Hanna Victorivna Knyazyeva-Minenko (, ; born 25 September 1989) is a former Ukrainian and a current Israeli triple jumper and long jumper.

She established a personal best in August 2015 of 14.78 meters (m) in the triple jump while winning the silver medal at the 2015 World Championships in Athletics. She competed for her native Ukraine at the 2012 Summer Olympics in the women’s triple jump event, coming in fourth with a jump of 14.56 m.

She immigrated to Israel and became an Israeli citizen in early 2013 on account of marriage to an Israeli citizen, and has represented Israel since then.  At the 77th Israeli Athletics Championships in early July 2013, Knyazyeva-Minenko established a new Israeli record in winning the women's triple jump with a distance of 14.50 m.  At the Sainsbury's Anniversary Games Diamond League competition in London later that month, she won a bronze medal with a distance of 14.29 m in the triple jump. In September 2013 at the International Association of Athletics Federations (IAAF) World Challenge in Zagreb, Croatia, she jumped 14.38 m and won a silver medal in the triple jump.

At the 78th Israel national championships in 2014, Knyazyeva-Minenko won a gold medal in the long jump while setting a new Israeli record and personal best with a distance of 6.52 m. She won a bronze medal in the triple jump at the European Athletics Indoor Championships in Prague in March 2015, becoming the first Israeli woman to win a track and field medal at a major European championship. She jumped a distance of 14.49 m, setting a new Israeli national indoor record. Competing for Israel at the 2015 European Games in June 2015, she won the triple jump competition that formed part of the Athletics event at the 2015 European Games, though no individual medal was awarded to her as the competition was a team event only; she also won a bronze medal for the team event. Representing Israel at the 2015 World Championships in Athletics in Beijing, China, in August 2015, she won the silver medal in the triple jump, setting a new Israeli record of 14.78 meters. Knyazyeva-Minenko represented Israel at the 2016 Summer Olympics in the triple jump, coming in fifth.

Early and personal life
Anna Victorivna Knyazyeva (Анна Вікторівна Князєва) was born in Pereiaslav-Khmelnytskyi, Ukrainian SSR, to a Christian family. She began training as an athlete when she was eight years old.

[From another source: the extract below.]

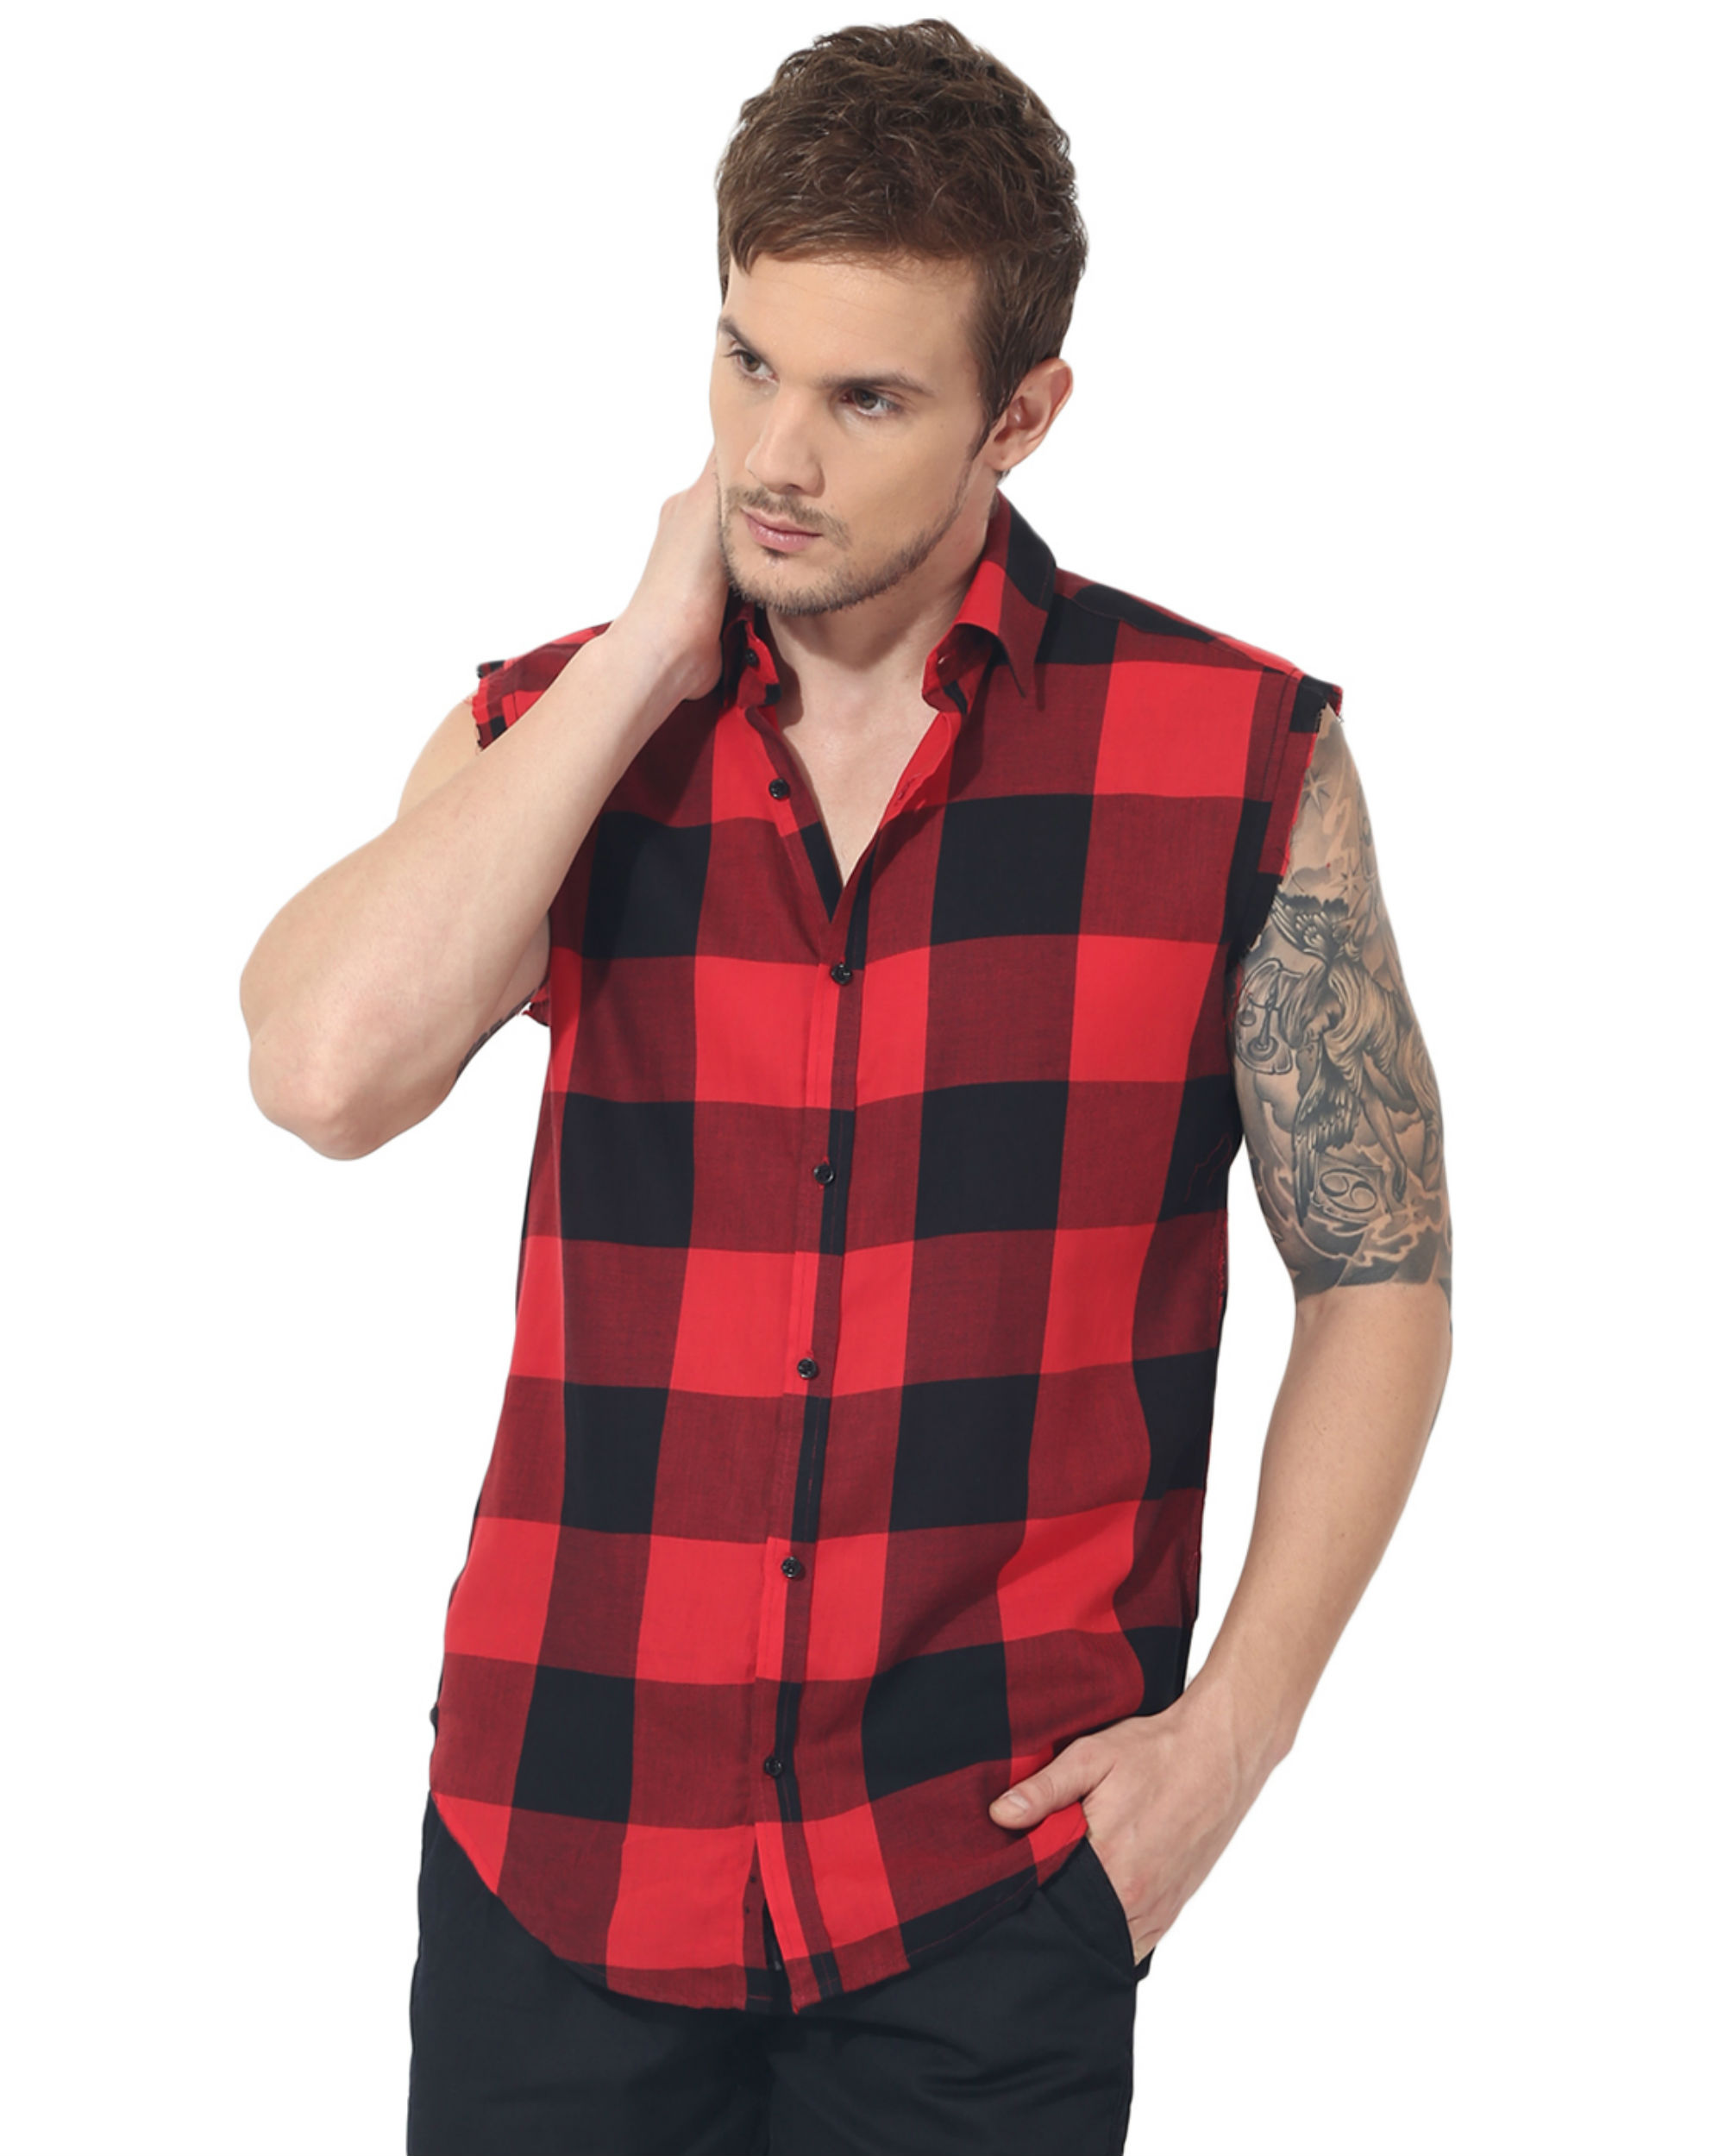 Black & red checks sleeveless casual shirt by Green Hill | The Secret Label

She married Soviet Kazakh-born Israeli former decathlon champion Anatoly Minenko, whom she had met in a training camp, in November 2012. They reside in Israel.

Athletic career

For Ukraine
Knyazyeva won the silver medal in the triple jump at the 2007 European Athletics Junior Championships.  On 10 July 2008, she came in 4th in the triple jump at the 12th IAAF World Junior Championships in Athletics in Bydgoszcz, Poland, with a distance of 13.61 m.  She established a personal best in June 2012 of 14.71 m in the triple jump, 79 centimeters short of the world record, when she was 22 years old.

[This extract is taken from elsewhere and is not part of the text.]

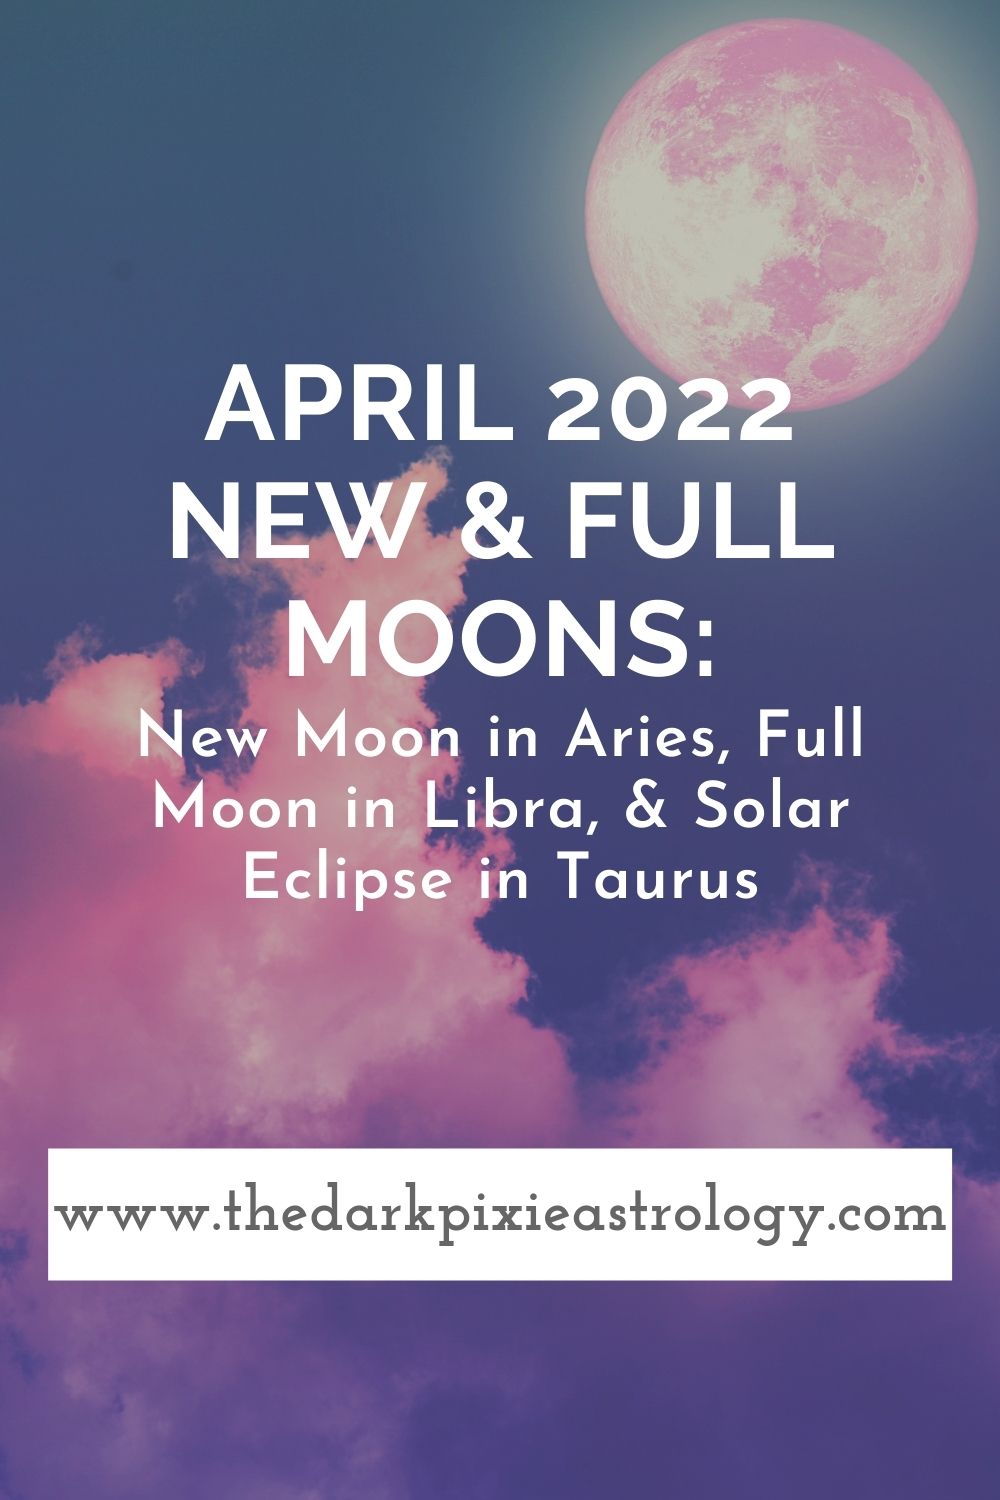 April 2022 New & Full Moons: New Moon in Aries, Full Moon in Libra, & Solar Eclipse in Taurus - The Dark Pixie Astrology

Knyazyeva placed fourth for Ukraine in the women’s triple jump event at the 2012 Summer Olympics, with a best jump of 14.56 meters. She trailed Olga Rypakova of Kazakhstan, Caterine Ibargüen of Colombia, and Olha Saladukha of Ukraine.

For Israel
Knyazyeva-Minenko immigrated to Israel and became an Israeli citizen, on account of marriage to an Israeli citizen.  Her coach is Israeli Alex Merman, who formerly coached Israeli high jumper Konstantin Matusevich, and her club is Maccabi Tel Aviv.

At the 77th Israeli Athletics Championships in early July 2013, she established a new Israeli record in winning the women’s triple jump with a distance of 14.50 m. Knyazyeva-Minenko won a silver medal at the 2013 IAAF Diamond League competition in Paris, jumping 14.58 m in the triple jump.  At the Sainsbury's Anniversary Games Diamond League competition in London on 26 July 2013, she won a bronze medal in the triple jump with a distance of 14.29 m, behind Jamaican Kimberly Williams and Russian Ekaterina Koneva.

At the 14th IAAF World Championships in Athletics at Luzhniki Stadium in Moscow on 15 August 2013, at age 23 in her first major event representing Israel, Knyazyeva-Minenko came in 6th in the triple jump, with a distance of 14.33 m, after posting a 14.46 m and coming in third in the qualifying round.  She was the first Israeli to reach a World Championships final since Israeli Alex Averbukh in the pole vault, in 2007.  She observed: "I'm still young, and I’ve got many more years to represent [Israel] and bring it honor."

On 3 September 2013 at the International Association of Athletics Federations (IAAF) World Challenge in Zagreb, Croatia, she jumped 14.38 m in the triple jump and won a silver medal, behind winner Olha Saladuha of Ukraine. In 2013, she held a women's triple jump ranking of No. 4 in the Diamond League series.

In 2014 Knyazyeva-Minenko had an operation to repair an injured Achilles tendon, and missed competing for most of the year as a result.  However, at the 78th Israel national championships at Hadar Yosef Stadium in Tel Aviv in 2014, she won a gold medal in the long jump while setting a new Israeli record with a distance of 6.52 m.  The distance was a new personal best for the event, and eclipsed by six centimeters Sigal Gonen’s previous Israeli record, which had stood for 28 years since 1986.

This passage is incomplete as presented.